In connection with rendering this opinion, we have examined, to the extent deemed necessary, originals or copies, the authenticity of which has been established to our satisfaction, of: (i) the Registration Statement; (ii) the Plan; (iii) the articles of incorporation of the Corporation, as currently in effect; (iv) the by-laws of the Corporation, as currently in effect; and (v) the resolutions adopted by the Board of Directors of the Corporation (the “Board”) and the Compensation Committee of the Board and the proposal approved by the shareholders of the Corporation, in each case relati ng to the approval and adoption of the Plan and the reservation and issuance of the Shares as contemplated thereunder. In addition, we have examined such authorities of law and other documents and matters as we have deemed necessary or appropriate for purposes of this opinion. We have also relied upon such oral or written statements and representations of officers and other representatives of the Corporation and examined such certificates of public officials and authorities of law as we have deemed relevant as a basis for this opinion.

In our examinations of the aforesaid documents and in rendering the opinion set forth below, we have assumed, without independent investigation or examination: (i) the genuineness of all signatures; (ii) the legal capacity of all individuals who have executed and delivered any of the aforesaid documents; (iii) the authority of all individuals entering and maintaining records; (iv) the authenticity and completeness of all documents submitted to us as originals; (v) the conformity to original documents of all documents submitted to us as copies; and (vi) the authenticity of the originals of such latter documents. In addition, we have assumed that the agreements that accompany each award under the Plan will be consistent with the terms of the Plan and will not expand, modify or otherwise affect the terms of the Plan or the respective rights or obligations of the participants


thereunder. Further, we have assumed the accuracy of all information provided to us by the Corporation, orally or in writing, during the course of our investigations and all statements in certificates of public officials.

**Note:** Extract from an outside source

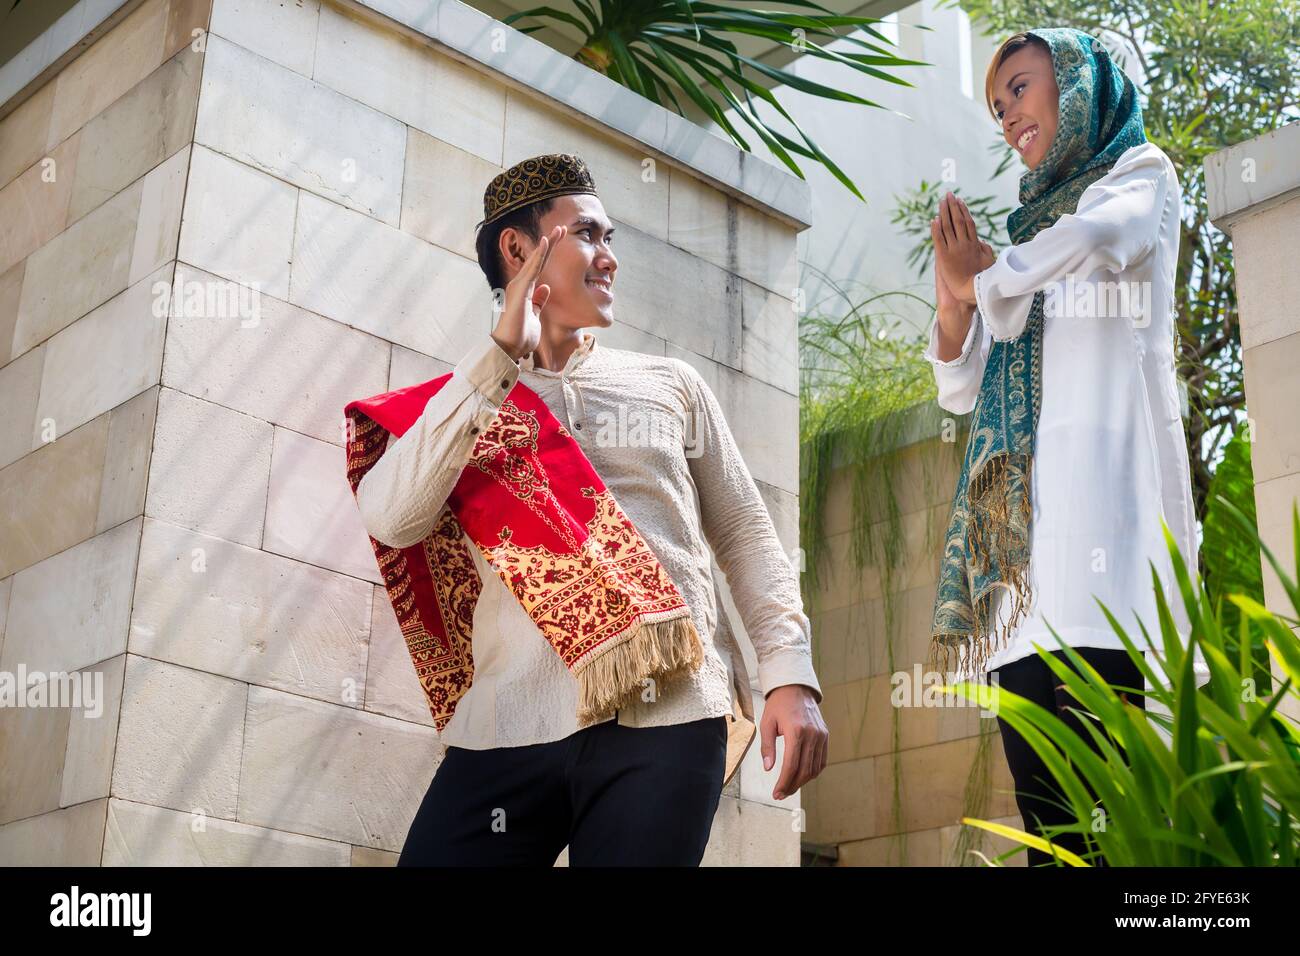 Asian Muslim man going to work leaving housewife woman wearing traditional dress Stock Photo

We have relied solely upon the examinations and inquiries recited herein, and, except for the examinations and inquiries recited herein, we have not undertaken any independent investigation to determine the existence or absence of any facts, and no inference as to our knowledge concerning such facts should be drawn.

Based upon and subject to the foregoing and the further qualifications and limitations set forth below, as of the date hereof, we are of the opinion that the Shares have been duly authorized by all necessary corporate action of the Corporation and that, when the Registration Statement has become effective under the Act and the Shares have been issued, delivered and paid for, as appropriate, in the manner provided for and for the consideration prescribed under the terms of the Plan and in any award agreements entered into between the Corporation and participants in the Plan as contemplated by the Plan, the Shares will be validly issued, fully paid and non-assessable.

This opinion is limited to the substantive laws and legal interpretations under the Wisconsin Business Corporation Law in effect, and the facts and circumstances existing, on the date hereof, and we express no opinion as to the laws of any other jurisdiction and we assume no obligation to revise or supplement this opinion should any such law or legal interpretation be changed by legislative action, judicial interpretation or otherwise or should there be any change in such facts or circumstances.

This opinion is furnished by us solely for the benefit of the Corporation in connection with the Registration Statement and may not be relied upon or used by any other person or for any other purpose. Notwithstanding the foregoing, we consent to the filing of this opinion as an exhibit to the Registration Statement. By giving such consent, we do not thereby admit that we come within the category of persons whose consent is required under Section 7 of the Act or the rules and regulations of the Commission promulgated thereunder.

Except in connection with the Registration Statement as aforesaid, no portion of this opinion may be quoted or otherwise used by any person without our prior written consent.